**AVAILABLE DATA**
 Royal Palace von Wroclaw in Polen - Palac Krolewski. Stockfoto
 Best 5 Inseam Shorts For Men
* * *
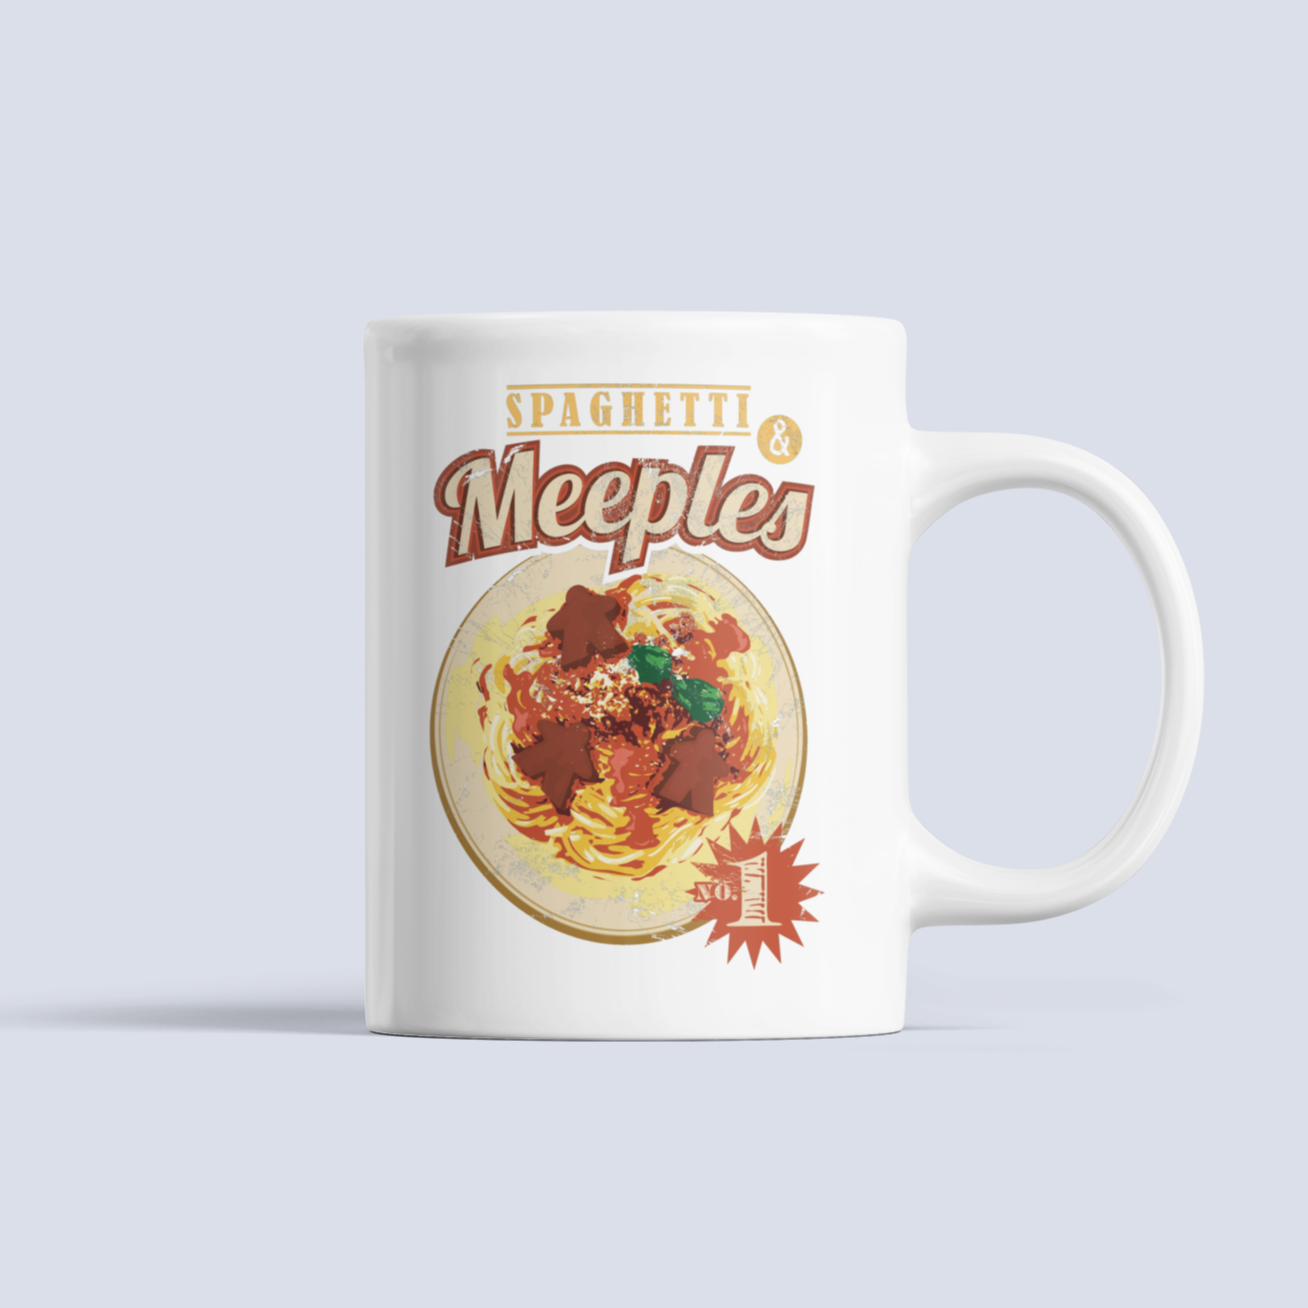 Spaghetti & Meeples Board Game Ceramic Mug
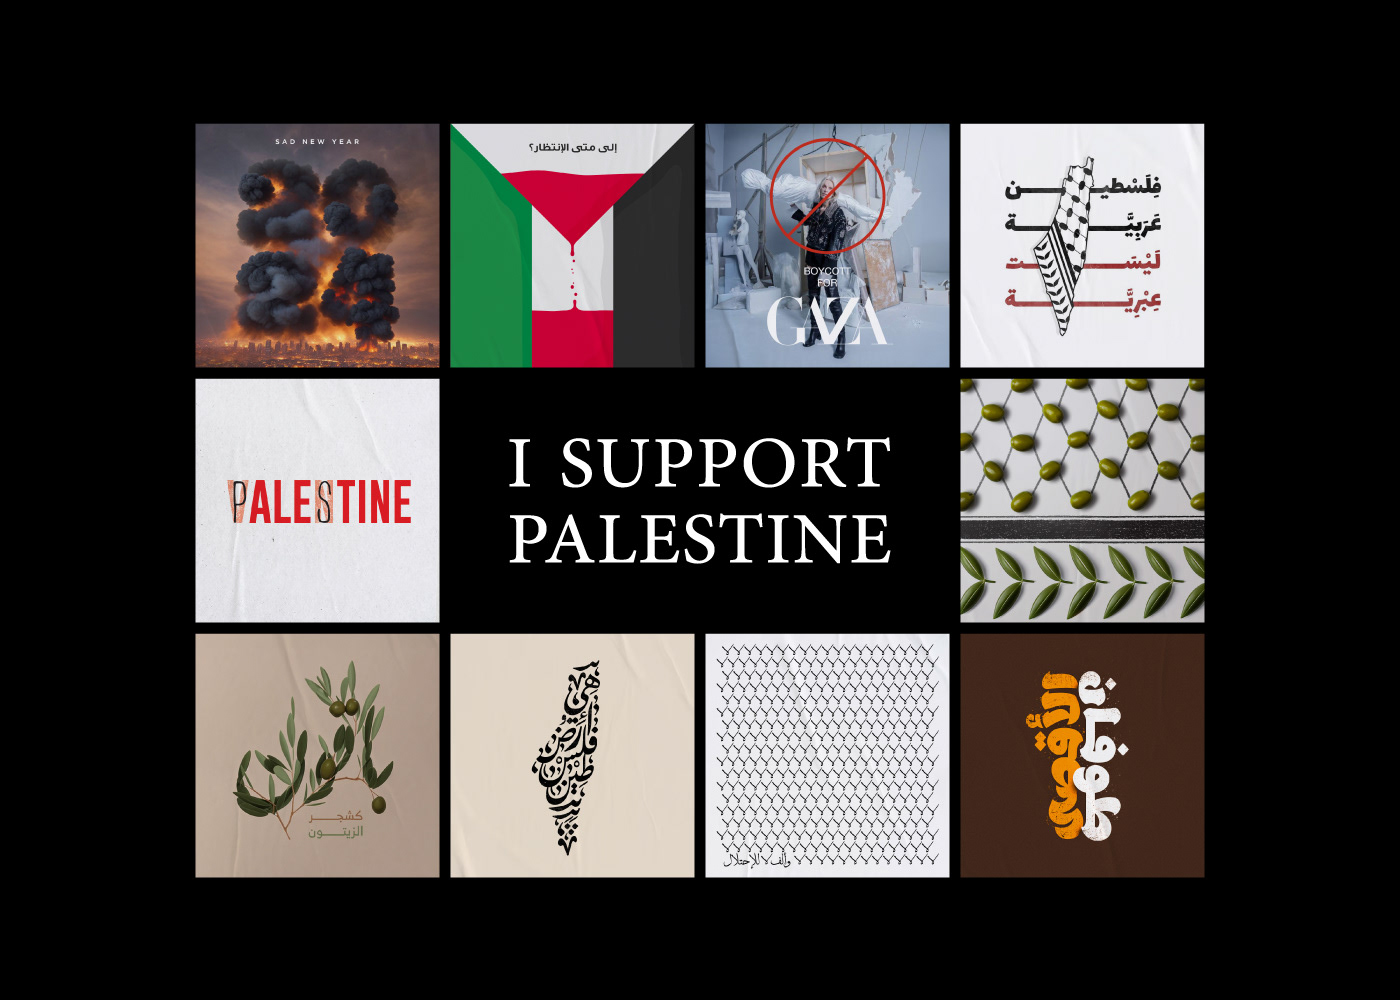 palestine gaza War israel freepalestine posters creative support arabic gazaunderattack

**ACTION ITEM**
Please give an exact copy of the lines above, beginning with the line containing "Royal Palace von" and running through the line containing "Best 5 Inseam Shorts For Men", and of no other lines.

**SOLUTION BELOW**
 Royal Palace von Wroclaw in Polen - Palac Krolewski. Stockfoto
 Best 5 Inseam Shorts For Men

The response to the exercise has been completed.